One day I think we will look back at our age and scratch our heads. We had never had it so good, and yet so many of us were filled with gloom that humanity was driving itself to extinction, along with most of the rest of the life on the planet. The shrill cheerleader of this collective fear – the pony-girl of the apocalypse - being a naïve teenage girl, honoured by many world leaders. We were fuelled by news reports that proclaimed the most alarmist speculations of ‘experts’ as gospel truth. News was never reported, as ever, unless it was bad news. What had the western world come to?
This apocalyptic thinking was nothing new. There had previously been fears of extinction from over-population, and then from nuclear war: the only discernible outcome of the nuclear threat was the end to all major wars. Perhaps the root of it all was an existential insecurity arising from the loss of our old moorings in Christianity, so starkly proclaimed by Nietzsche when he wrote that “God is Dead.” And the fact that humanity was going through a huge transition: people do not feel comfortable with change.

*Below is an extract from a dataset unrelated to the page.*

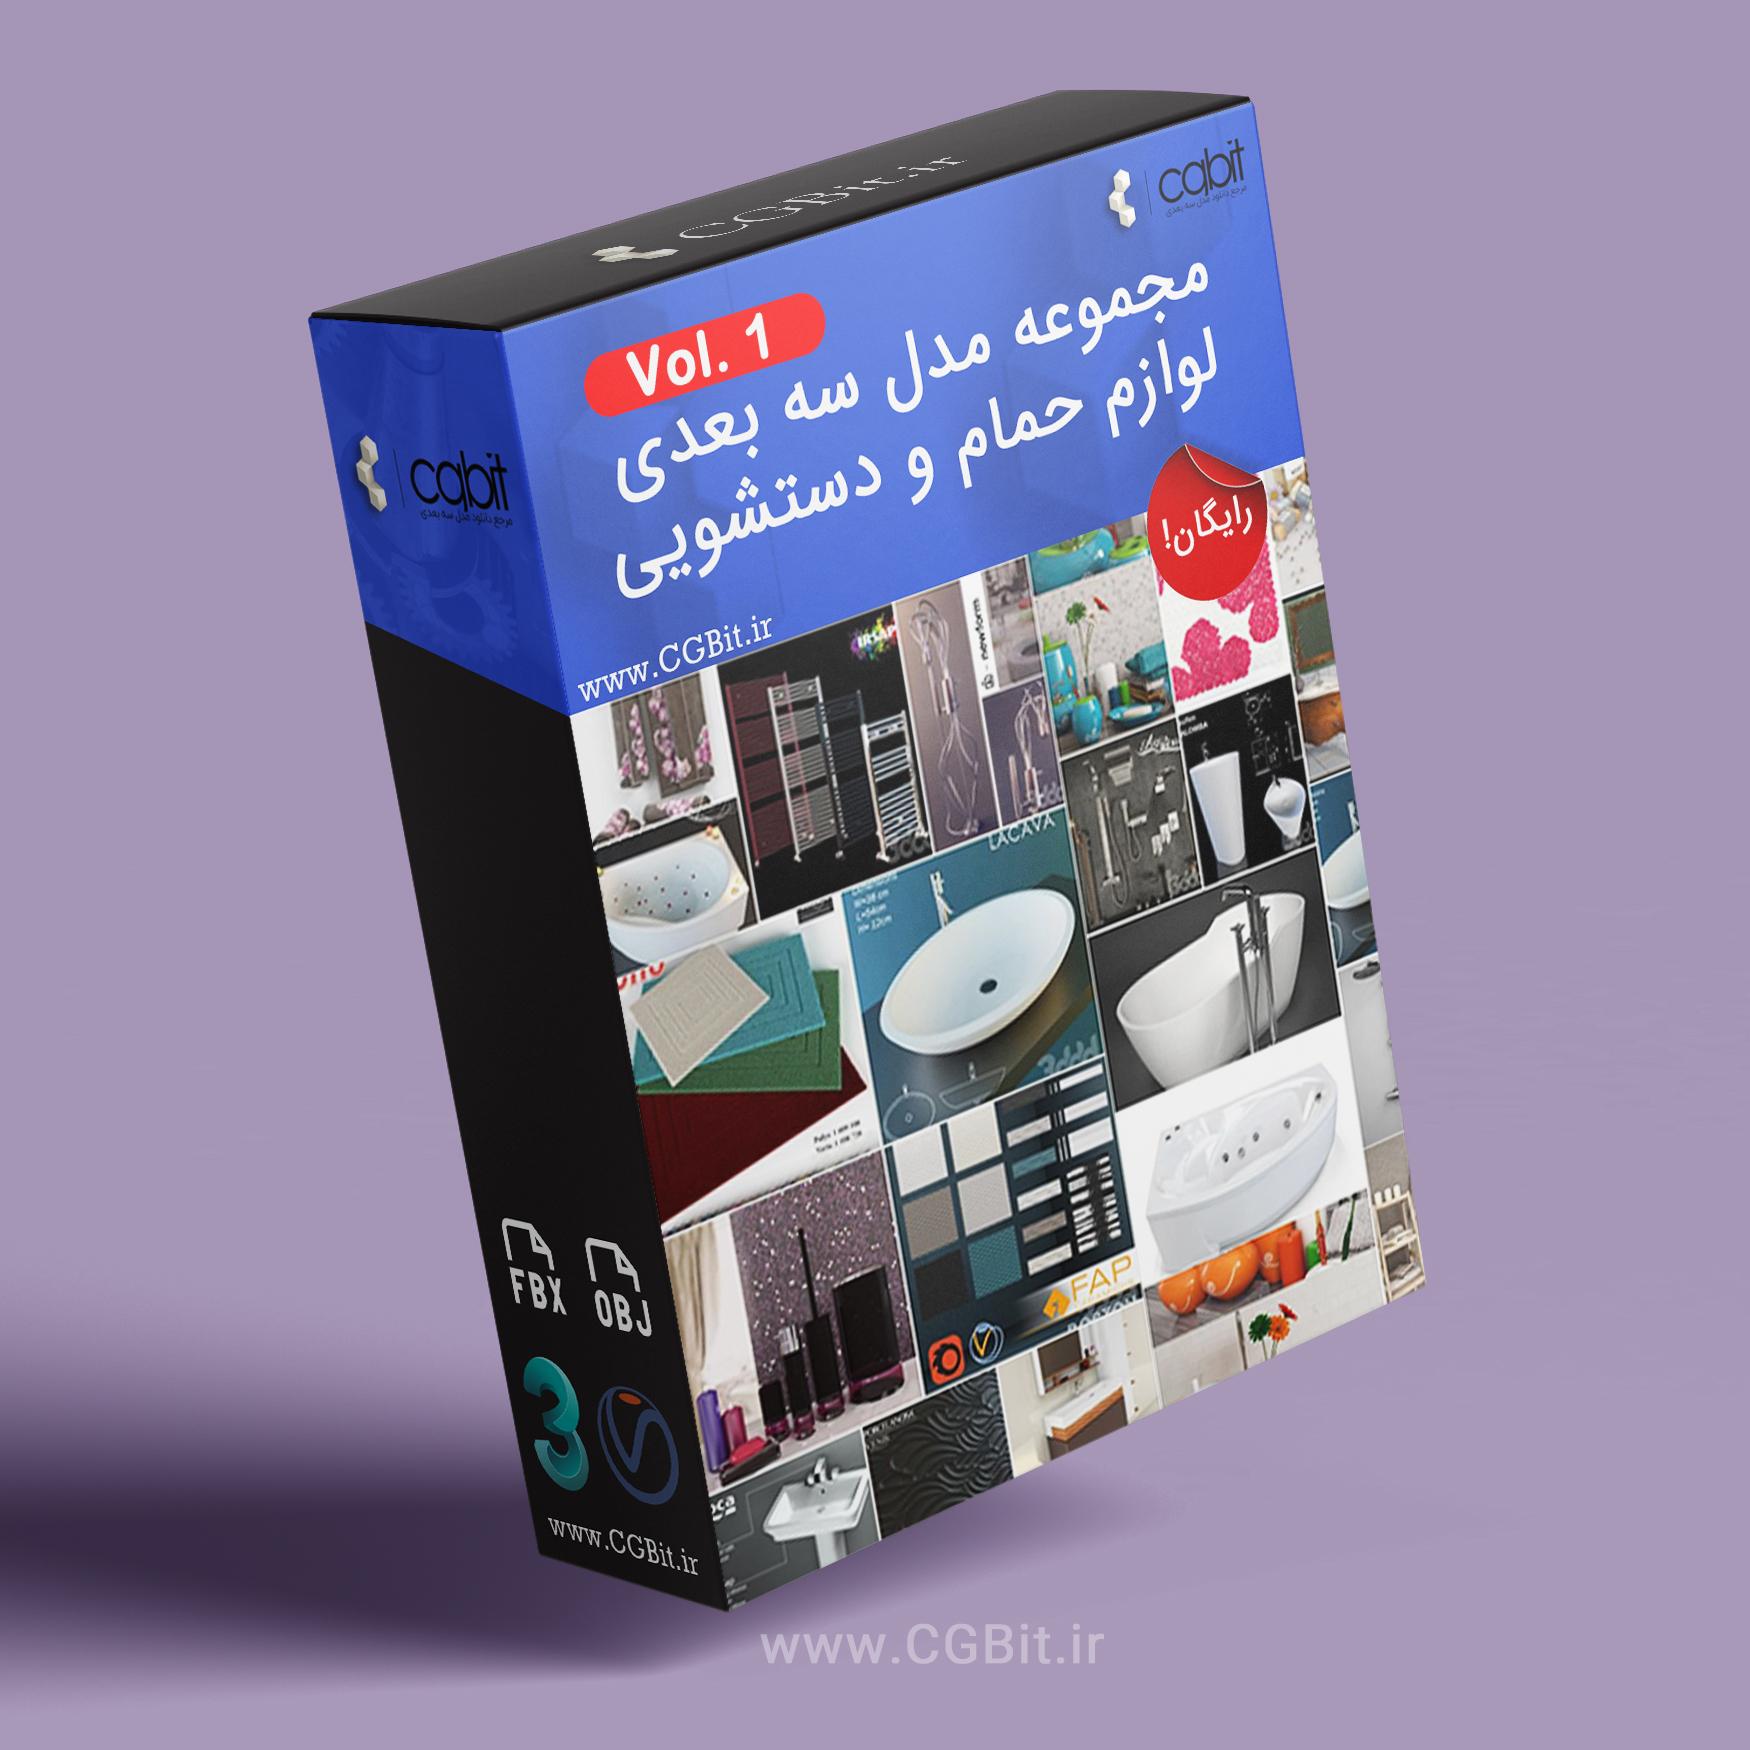 anx0 bathroom collection vol1 - مجموعه مدل سه بعدی لوازم حمام و دستشویی Vol. 1

Meanwhile, the actual course of humanity was to continue to raise unprecedented numbers of people out of poverty, driven by a combination of the capitalist economic system, technological inventiveness and the consumption of fossil fuels, followed by the eventual shift to nuclear power. Alongside came an unprecedented flourishing of the natural world, due to the higher CO2 levels. Vast areas were allowed to become wild again, as humanity became more efficient at producing food for itself. The world population eventually levelled off as middle-class living standards became the norm. Many species did indeed become extinct along the way, but eventually a new balance was found as humanity completed its transition to a largely urban dwelling, technologically-based, culturally ever-renewing species. New certainties arose, limited as any certainty necessarily is, but enough to allay the existential fears of much of collective humanity.
Meanwhile the individual was left, as they always had been, with their own solitary self to deal with, and the option to project their own darkness onto the world, with which they would find a ready demographic of concurrence in the social media.
This is where our Shamanism will find itself. You can forget about a return to the old utopia, the ‘participation mystique’, that we project onto indigenous peoples. Our job is to keep clawing back that sense of belonging to the natural world which, if there is an absolute truth, is that. And the sense of it in an urban environment, which is where most of us in the West now live. And maybe the breaking down of the distinction between human-made and ‘natural’, as if the human ability to invent were somehow not natural. Don’t perpetuate the split that Christianity gave us into godly and worldly, that we may carry forward into ‘natural’ and ‘unnatural’. The urban environment as inspirited. Maybe that is our job. But we need to feel it first. And that comes through treating it as alive. Give thanks to your car, your frying pan, your phone. Trust that Mother Earth knows what she is doing.